■ ASSIGNED TASK
Under this line sits a listing. Repeat exactly and only its lines from the one holding "Group of antique" through the one holding "This group comprises"; skip pictures.

■ PROVIDED DATA
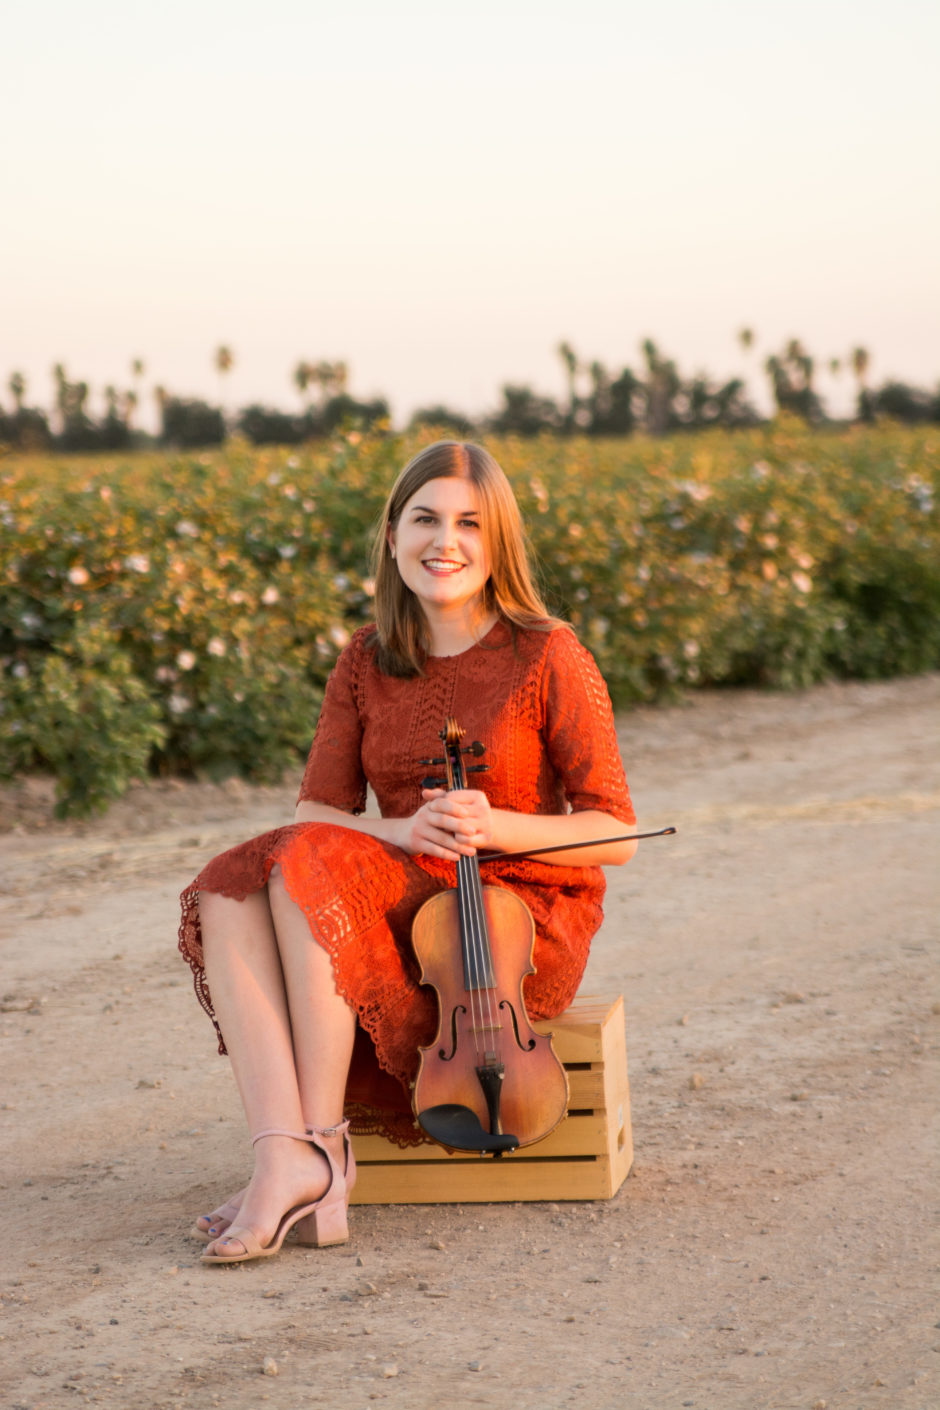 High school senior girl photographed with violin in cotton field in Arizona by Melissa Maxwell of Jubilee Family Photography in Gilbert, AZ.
==
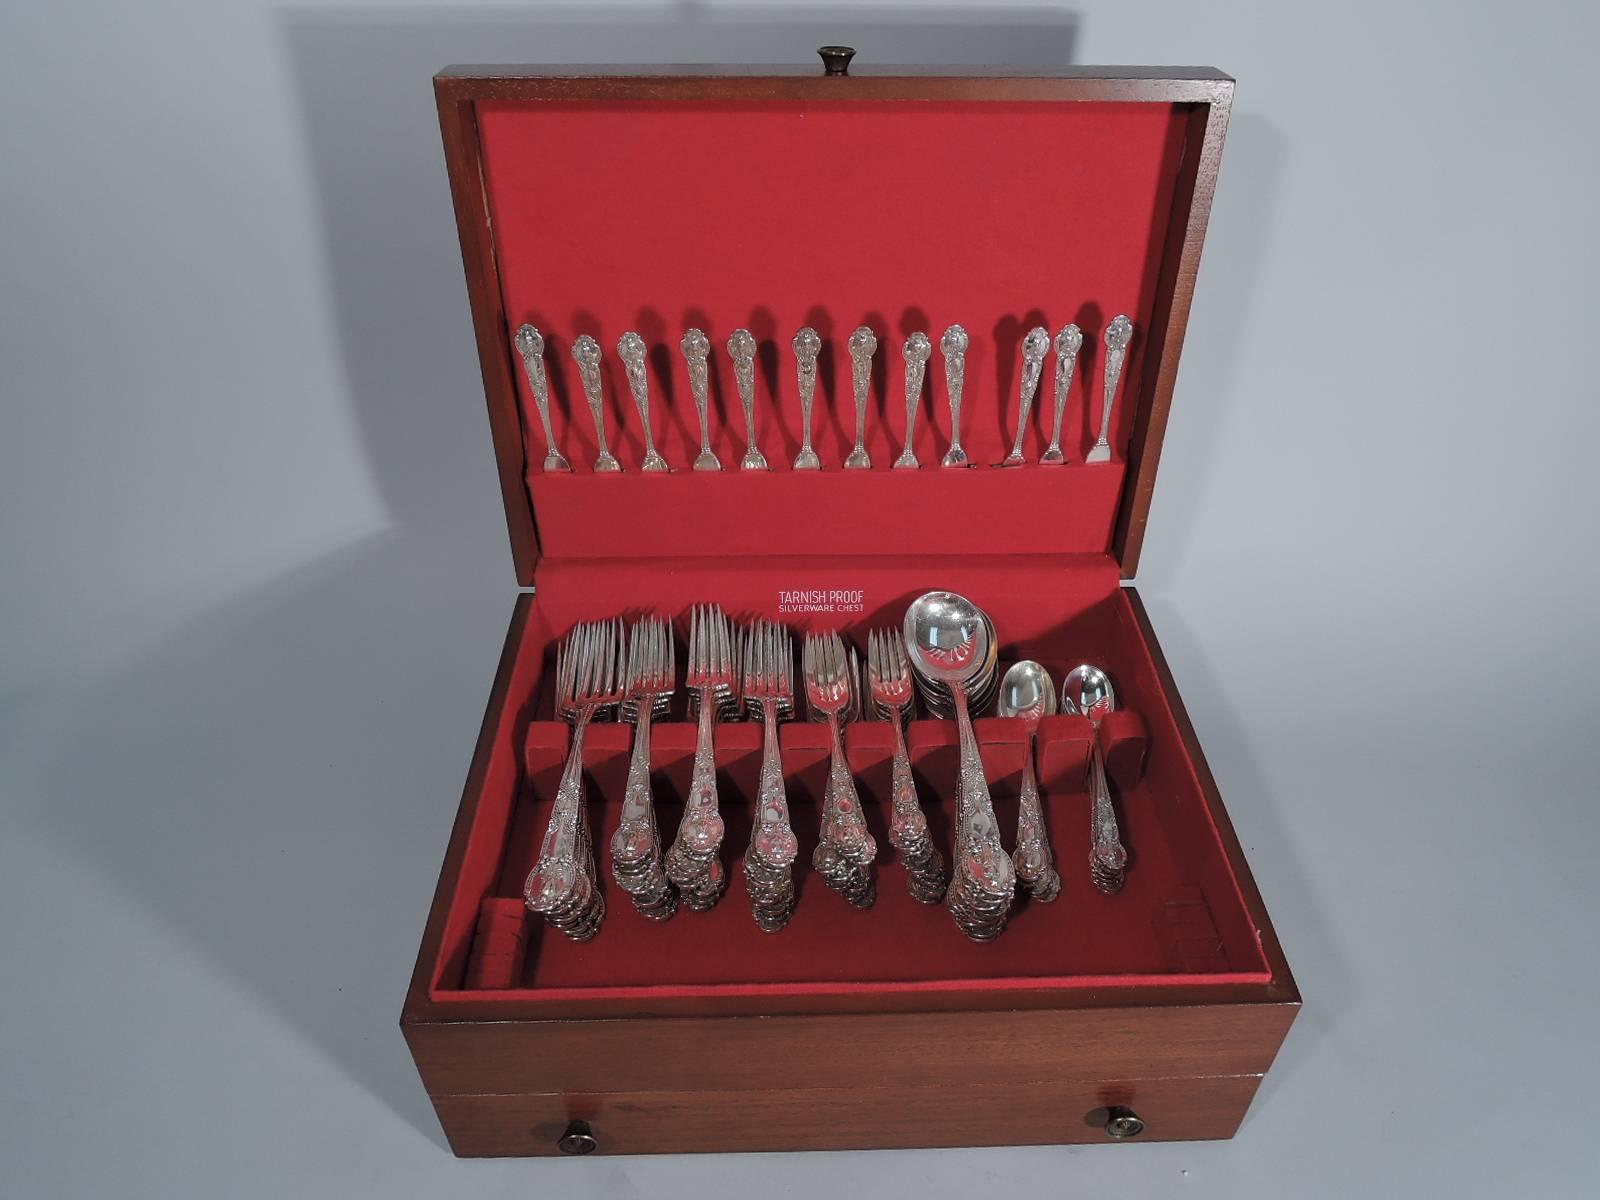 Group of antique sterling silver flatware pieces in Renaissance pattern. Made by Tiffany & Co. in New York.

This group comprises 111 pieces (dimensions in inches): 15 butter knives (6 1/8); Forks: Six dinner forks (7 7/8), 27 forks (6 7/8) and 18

■ EXPECTED ANSWER
 Group of antique sterling silver flatware pieces in Renaissance pattern. Made by Tiffany & Co. in New York.

This group comprises 111 pieces (dimensions in inches): 15 butter knives (6 1/8); Forks: Six dinner forks (7 7/8), 27 forks (6 7/8) and 18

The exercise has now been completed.